The other day I was thinking that since it's been a while since I backed up my apps, call log, sms, and phonebook, I should do it again. And it would have been really cool if I did that BEFORE I dropped my phone face down on a concrete floor.... But I didn't.

My phone still turns on and off, but I no longer have a user interface. The screen is destroyed. So my question is this:

Is there some way to use my pc to access apps and backup my data?? I probably don't have to tell you guys how badly I don't want to have to lose so much... I just don't know what to do.

Thanks for any help.


----------



## jco23 (Dec 10, 2011)

i think there might be an app (airdroid) that lets you view your screen on the computer..... or you could use the HDMI jack to at least see your screen on the TV to back everything up. you can buy a cord for $5 on ebay


----------



## JihadSquad (Nov 2, 2011)

You could also just plug it into a computer and do adb pull /data <wherever you want to put it>

That would take everything off your /data partition, and you could then filter out what you want on your new phone and restore the apps from /data/app and the data from /data/data.


----------



## mthous01 (Dec 22, 2011)

JihadSquad said:


> You could also just plug it into a computer and do adb pull /data <wherever you want to put it>
> 
> That would take everything off your /data partition, and you could then filter out what you want on your new phone and restore the apps from /data/app and the data from /data/data.


+1 to this.
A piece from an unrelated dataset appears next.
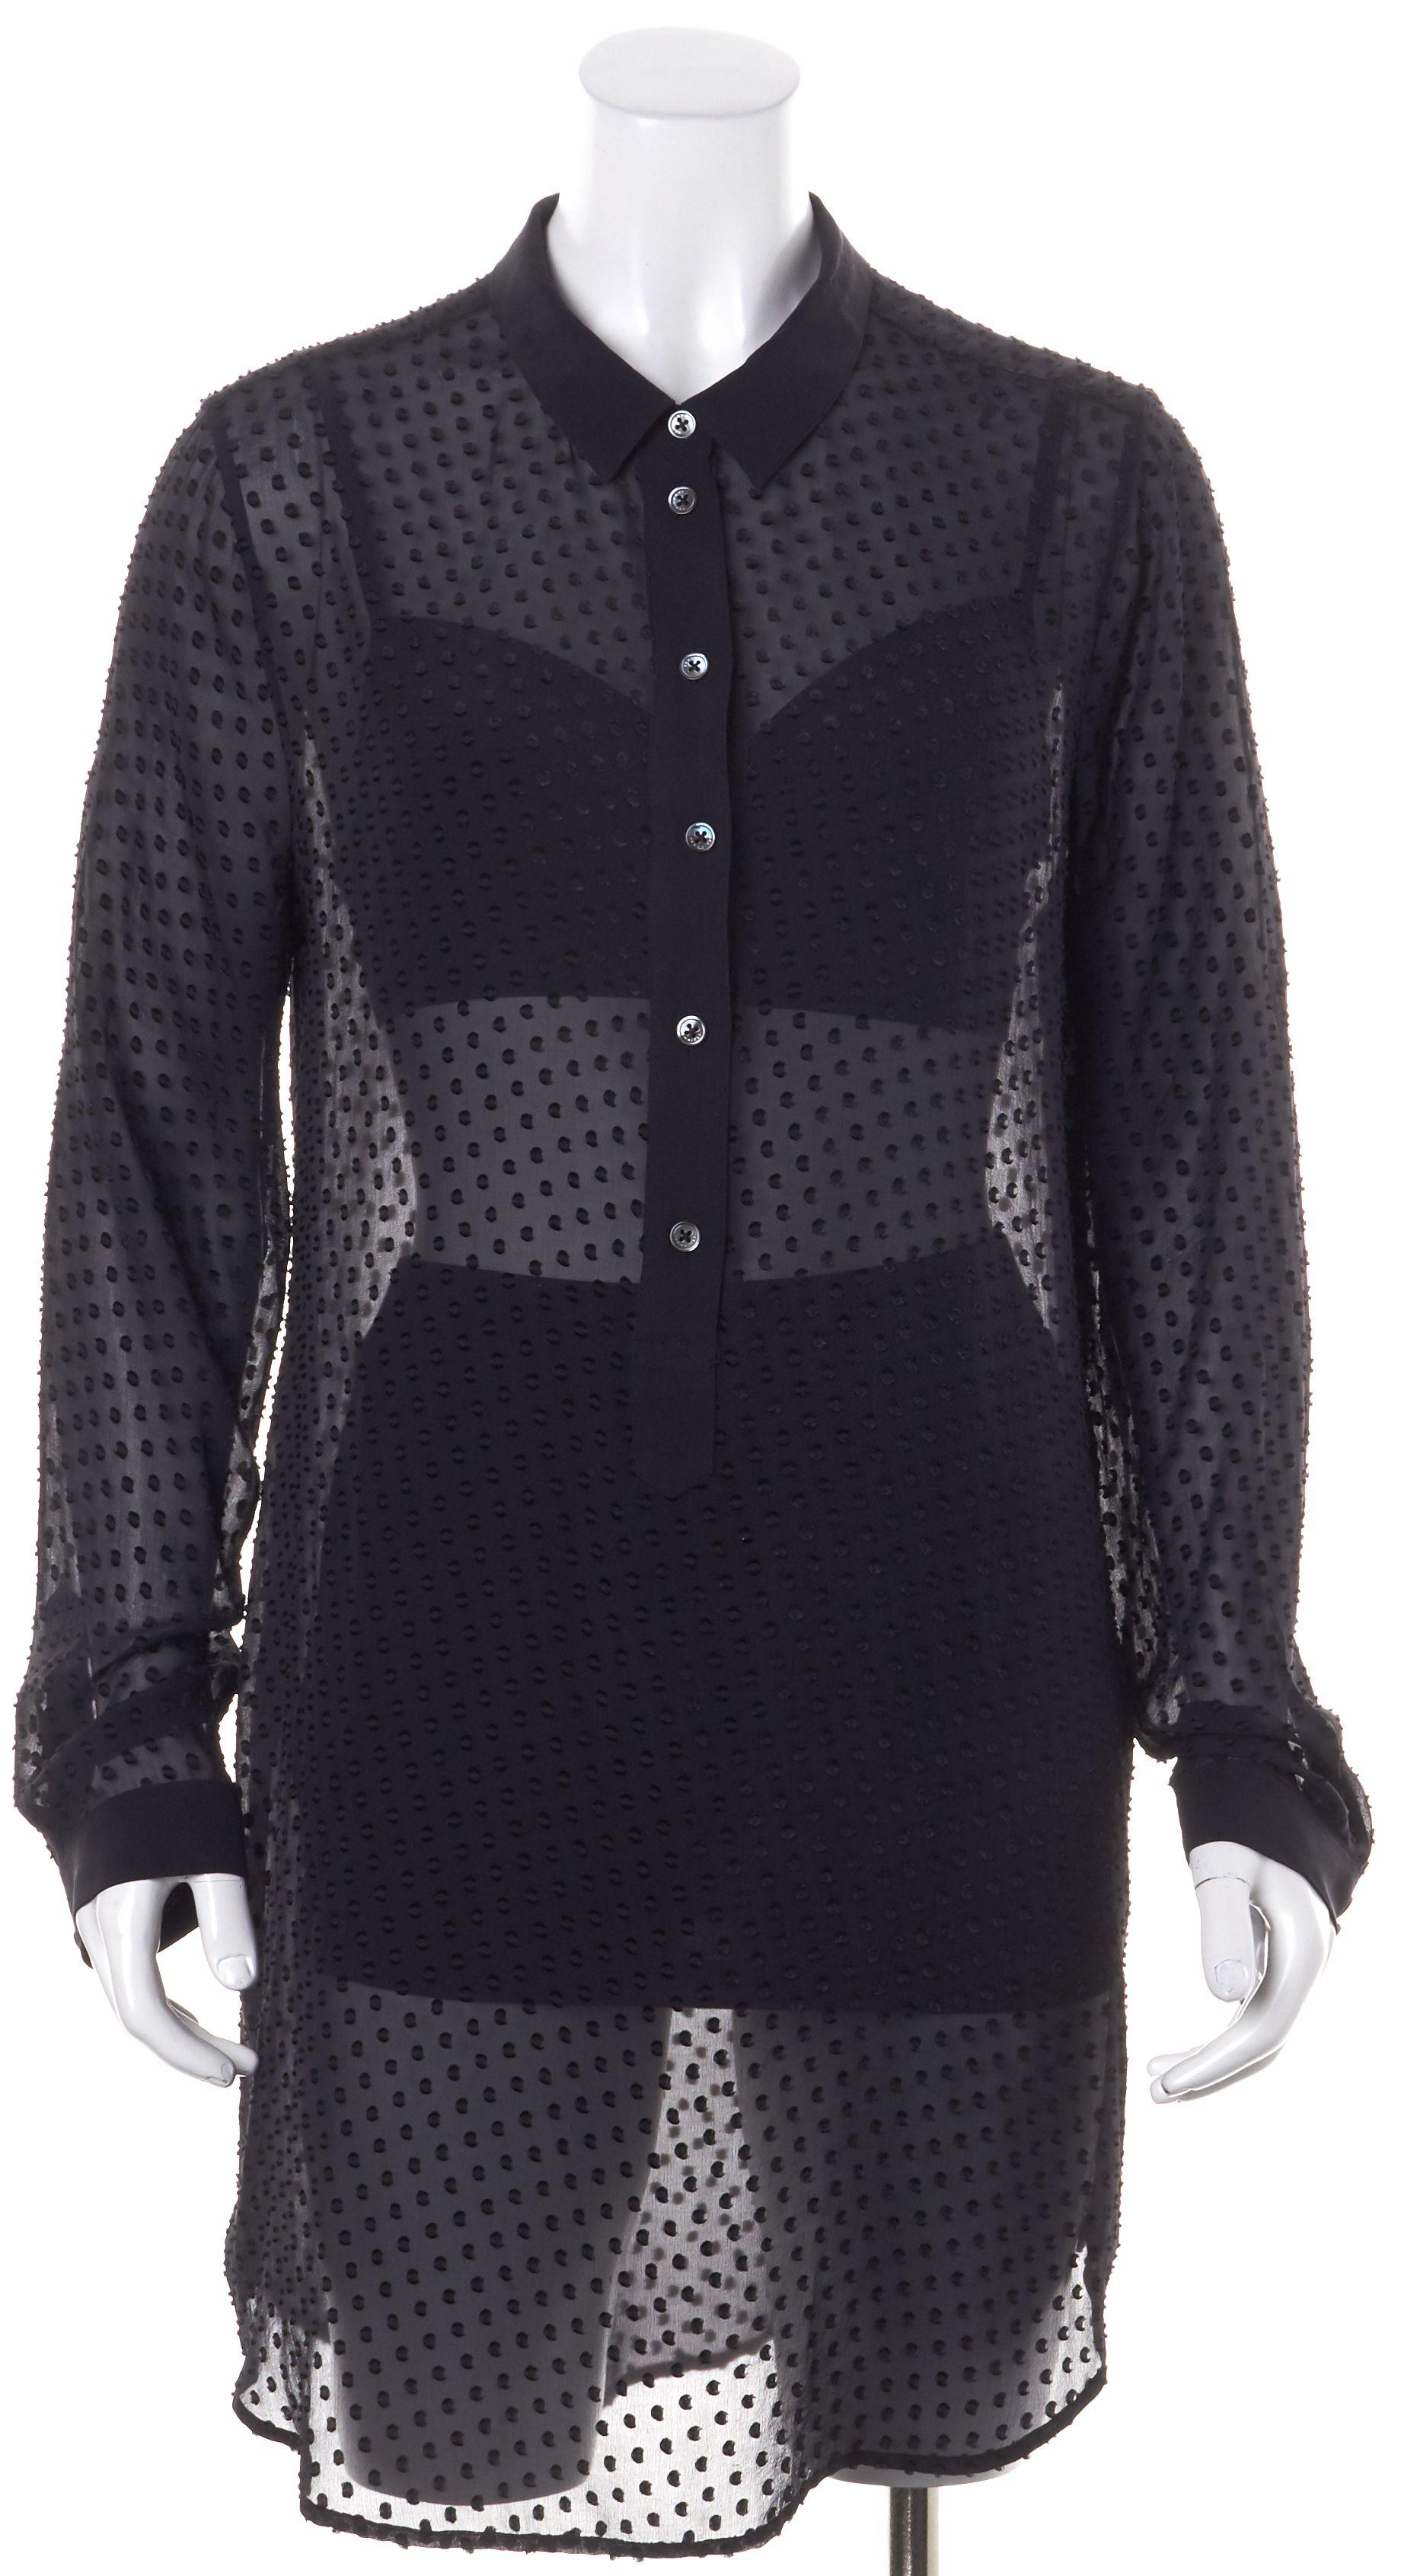 Equipment Black Sheer Swiss Dot Embroidered Mini Shirt Dress ...

You may need to run as root to do so.

tapping from a [email protected] Charge


----------



## ericgilchrist (Oct 7, 2011)

I've been rooted for over a year, I'm on my fourth rom, done lots of experimenting with radios and kernels, solved problems using the forums, and consider myself to be at least moderately tech savvy. YET I am amazed at how much I just don't know. Is there a forum you could point me to that would explain how to "do adb pull/data" and how to restore the apps? I'm thinking there must be more to it than just drag and drop... Thanks again.


----------



## JihadSquad (Nov 2, 2011)

ericgilchrist said:


> I've been rooted for over a year, I'm on my fourth rom, done lots of experimenting with radios and kernels, solved problems using the forums, and consider myself to be at least moderately tech savvy. YET I am amazed at how much I just don't know. Is there a forum you could point me to that would explain how to "do adb pull/data" and how to restore the apps? I'm thinking there must be more to it than just drag and drop... Thanks again.


First download android sdk tools from http://developer.and.../sdk/index.html. Install it, and then open SDK manager (not AVD manager, they both have Android logos on them). When it starts, check the "Tools" folder and click "Install packages" on the bottom right. Accept everything and let it go.
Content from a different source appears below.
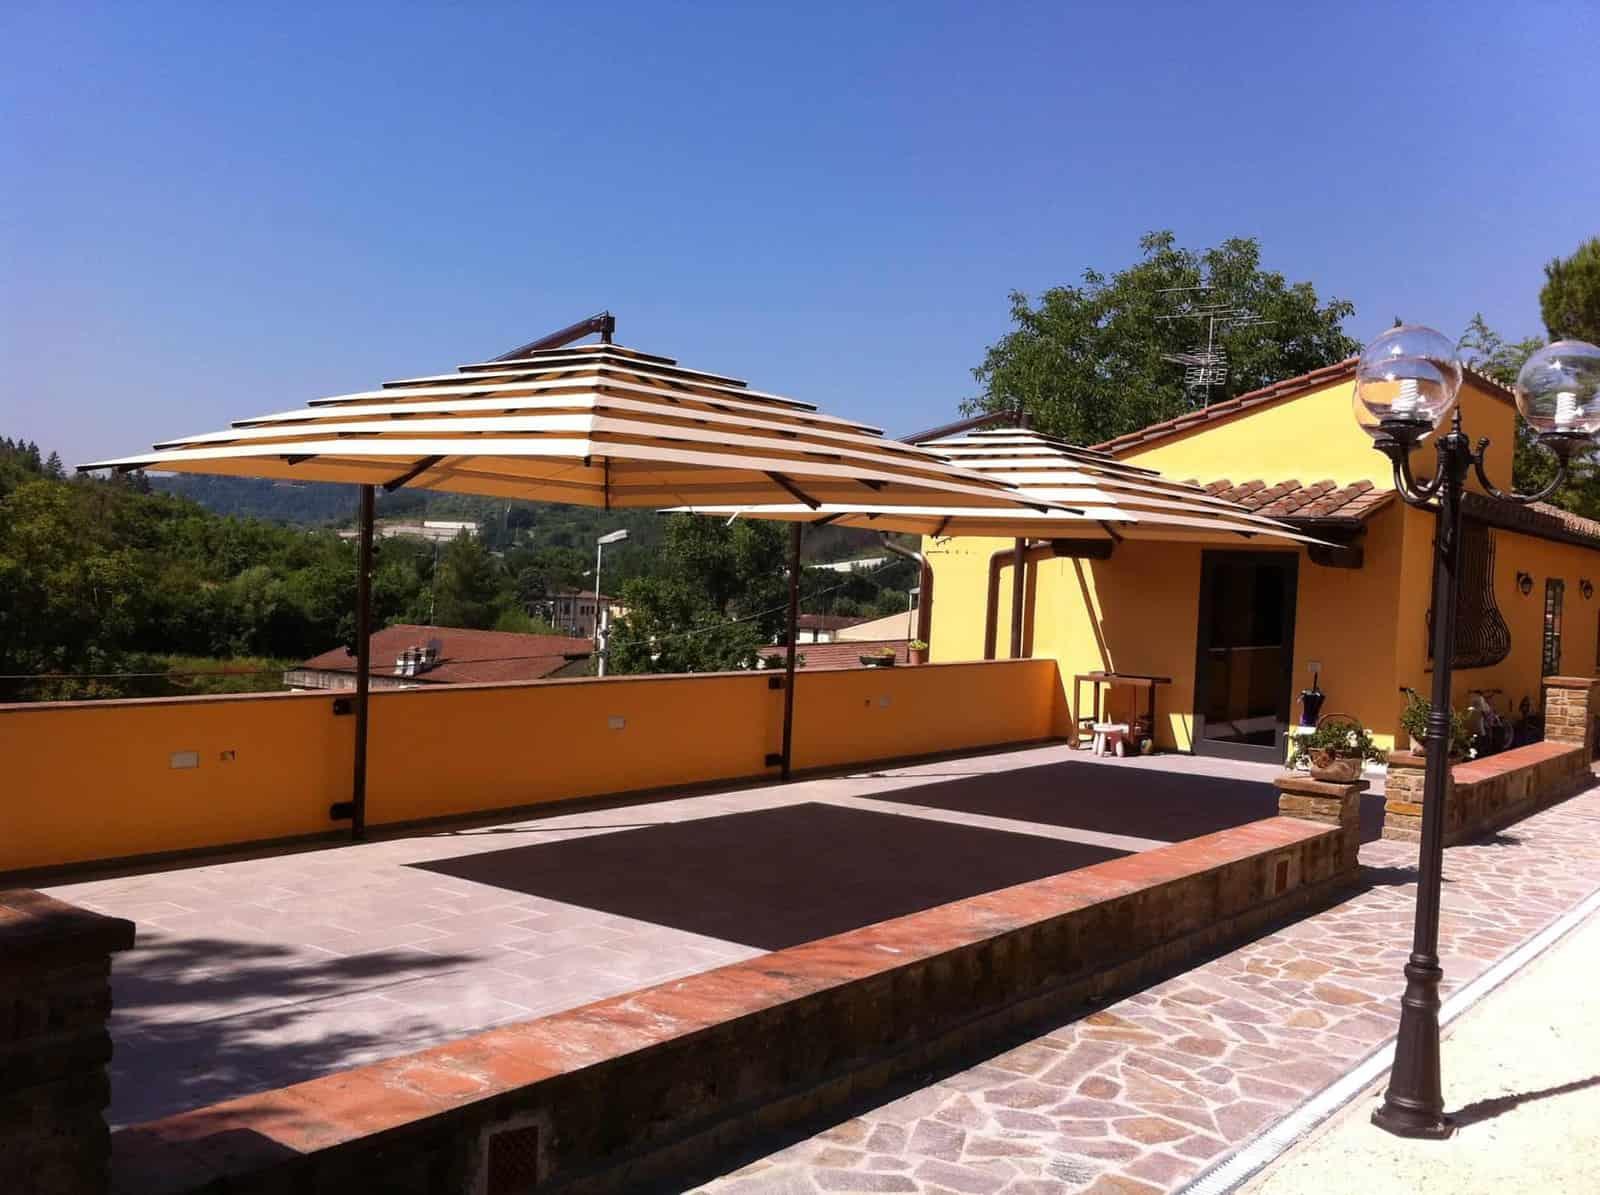 Parasol de jardin luxe haut de gamme   Fixation murale

Once that's done, press windows + pause. Then go to advanced system settings (in Windows 7 or 8) then environment variables. Find Path in the list on the bottom and double click it. Go to the end of the variable value and type in a semicolon (. Then type in C:\Program Files (x86)\Android\android-sdk\platform-tools (assuming you have a 64-bit system, if you don't have a Program Files (x86) folder than take out the (x86)) and click OK both times.
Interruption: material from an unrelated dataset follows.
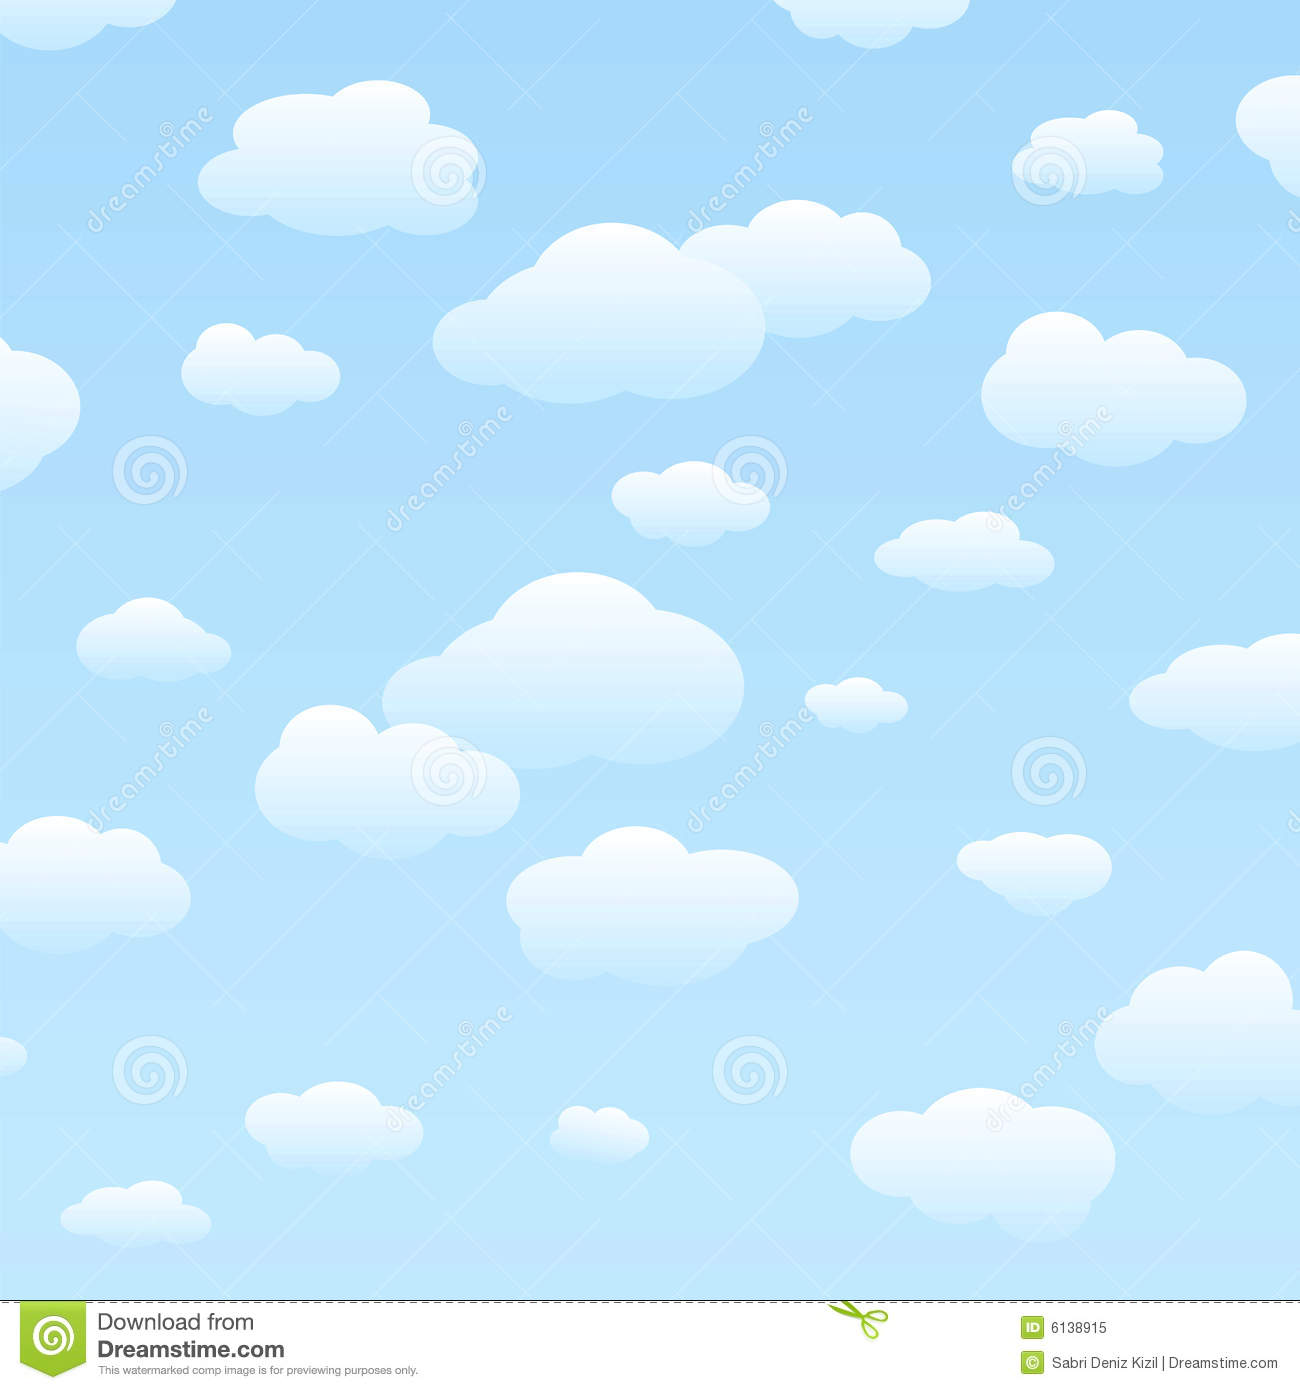 cloud clipart background - photo #41

Now press windows + R, type in CMD, and press enter. Plug in your phone, and type in "adb pull /data x". Replace x with the folder on your hard disk you want to dump everything. Once that is there, press enter and it should transfer all of your user data to your hard disk at the folder you specified.

Hope that helps, if you get confused tell me where and I can explain better.


----------